## Source records
━━━━━━━━

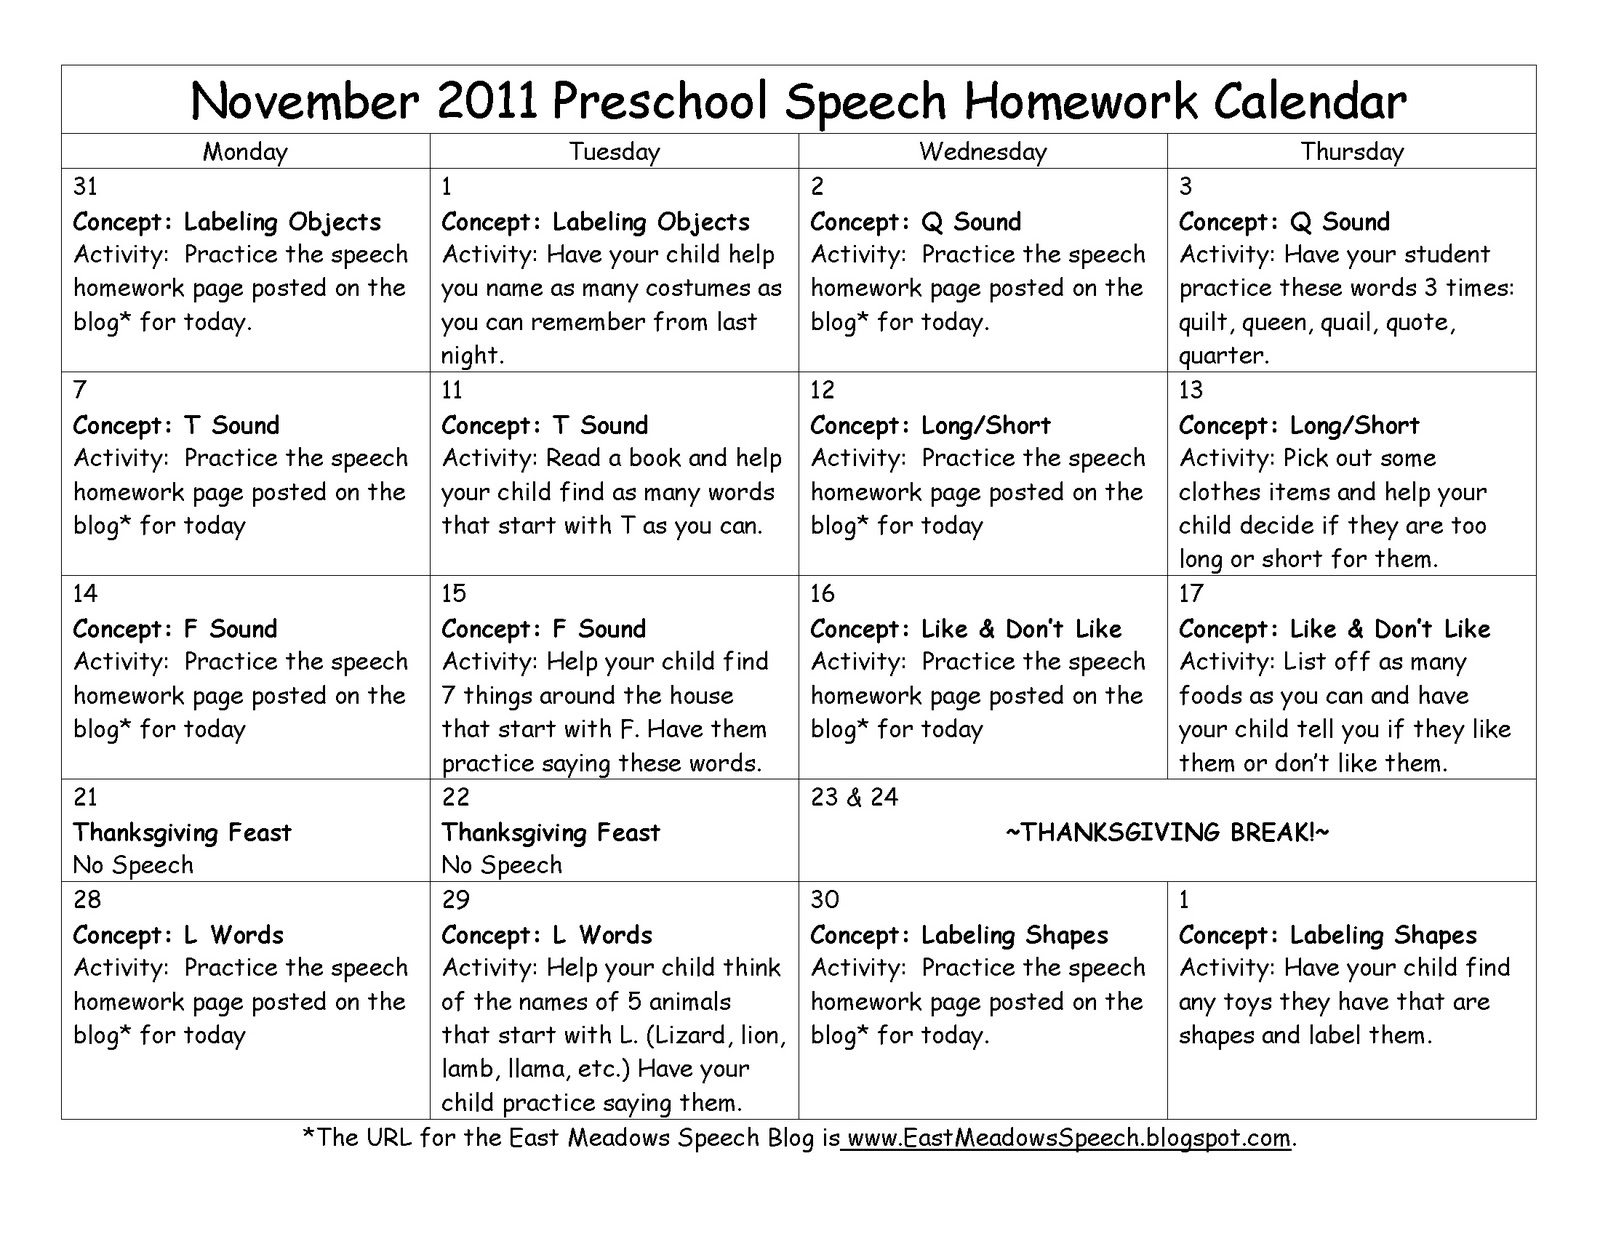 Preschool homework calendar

━━━━━━━━

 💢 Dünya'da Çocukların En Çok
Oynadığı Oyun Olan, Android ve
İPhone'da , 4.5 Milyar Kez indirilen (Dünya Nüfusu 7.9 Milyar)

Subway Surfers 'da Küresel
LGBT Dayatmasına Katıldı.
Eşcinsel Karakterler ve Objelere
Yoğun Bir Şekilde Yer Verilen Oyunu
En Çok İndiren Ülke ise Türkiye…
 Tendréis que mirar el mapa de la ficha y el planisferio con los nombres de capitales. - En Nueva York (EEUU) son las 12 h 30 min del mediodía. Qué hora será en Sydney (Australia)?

━━━━━━━━

## Exercise details
Starting with the line above that holds "Yoğun Bir Şekilde Yer Verilen Oyunu" and stopping with the line that holds "Tendréis que mirar", reproduce each line exactly, omitting all other lines.

## Result
Yoğun Bir Şekilde Yer Verilen Oyunu
En Çok İndiren Ülke ise Türkiye…
 Tendréis que mirar el mapa de la ficha y el planisferio con los nombres de capitales. - En Nueva York (EEUU) son las 12 h 30 min del mediodía. Qué hora será en Sydney (Australia)?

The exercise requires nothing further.